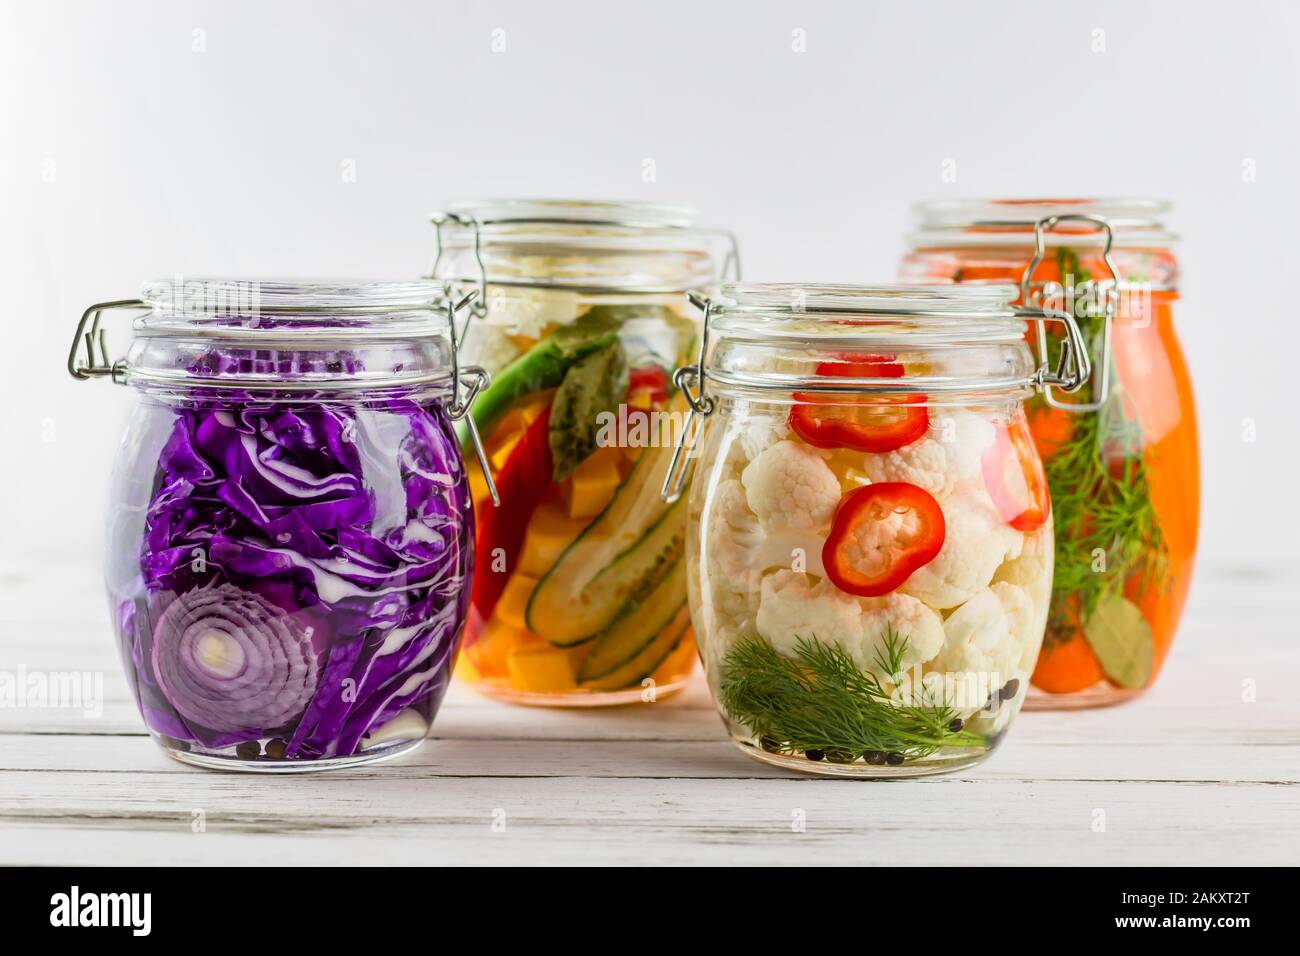 vasi di vetro di cavolo rosso fermentato, cavolfiore, carote, verdure su un fondo leggero. fermentazione è una fonte di probiotics. Foto Stock
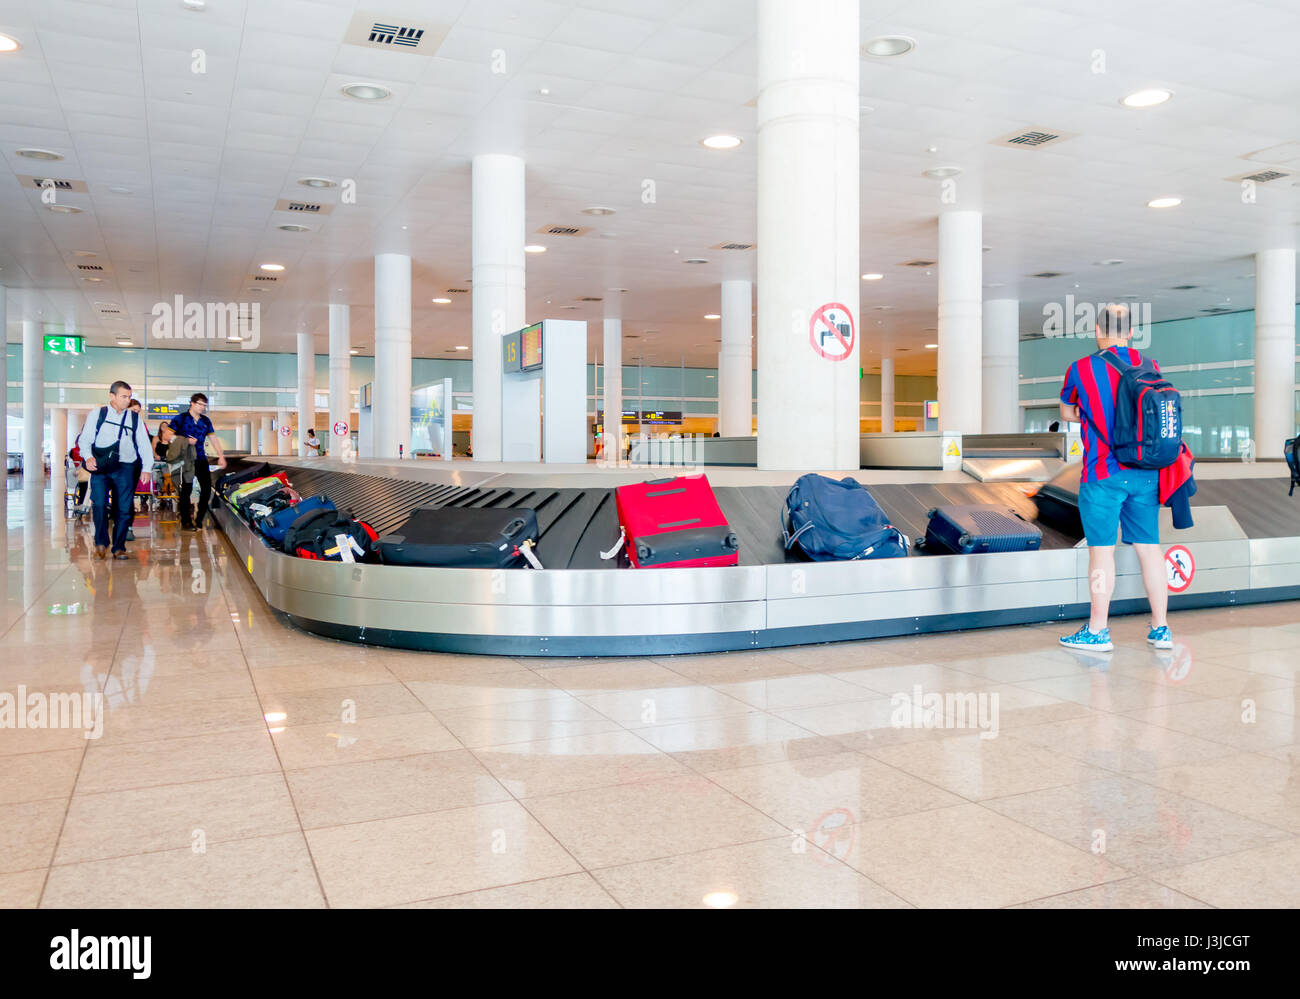 Barcelone, Espagne - 8 août, 2015 : tapis roulant pour bagages des arrivées avec des valises et des personnes autour d'attente à l'intérieur grand hall de couleur vive au sein d'air Banque D'Images
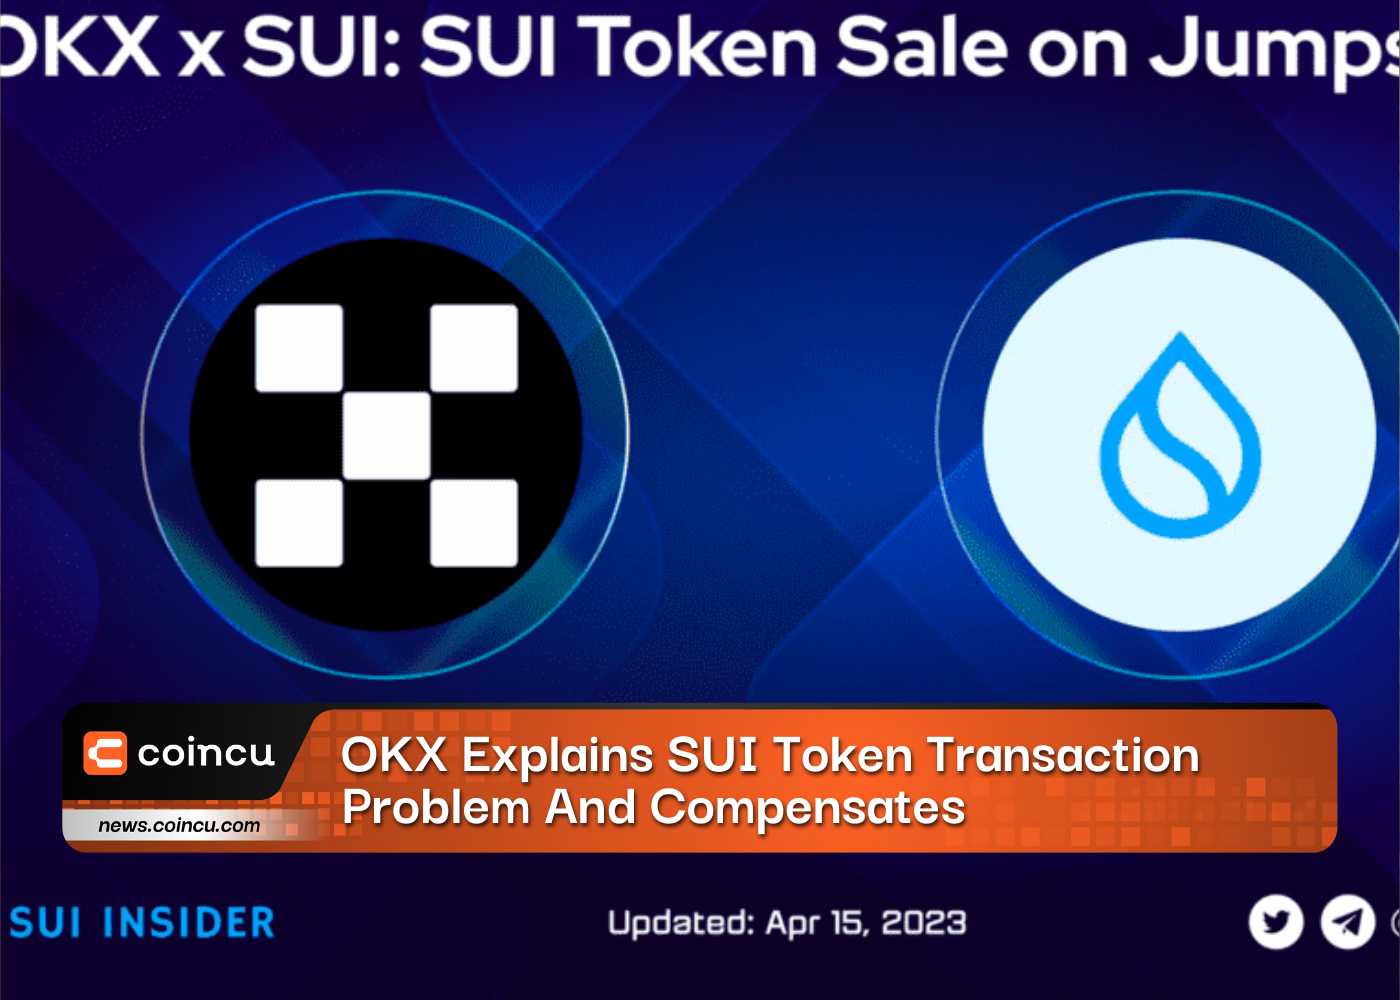 OKX Explains SUI Token Transaction Problem And Compensates
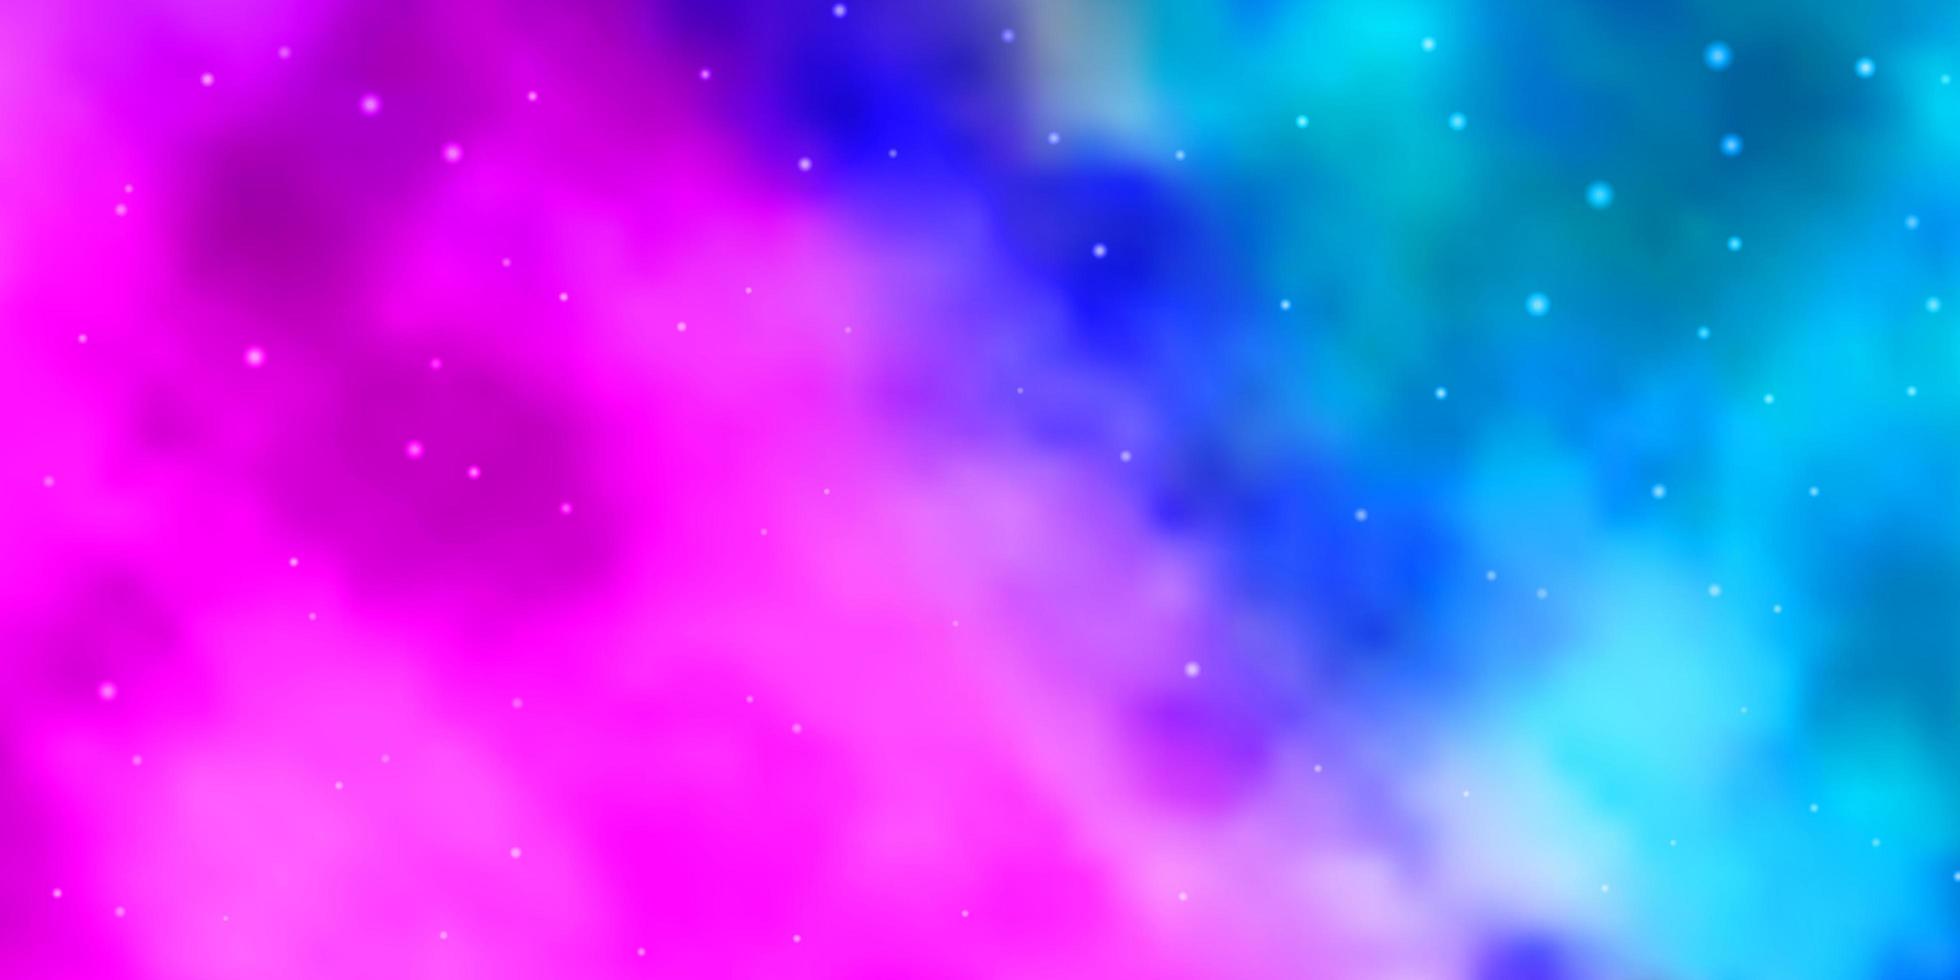 ljusrosa, blått vektormönster med abstrakta stjärnor. vektor

──────

WHAT TO WORK ON
Nothing should be printed except the lines from the one with "Barcelone, Espagne - 8" through the last line of the listing above, both ends included; please drop the pictures.

RESPONSE
 Barcelone, Espagne - 8 août, 2015 : tapis roulant pour bagages des arrivées avec des valises et des personnes autour d'attente à l'intérieur grand hall de couleur vive au sein d'air Banque D'Images
 OKX Explains SUI Token Transaction Problem And Compensates
 ljusrosa, blått vektormönster med abstrakta stjärnor. vektor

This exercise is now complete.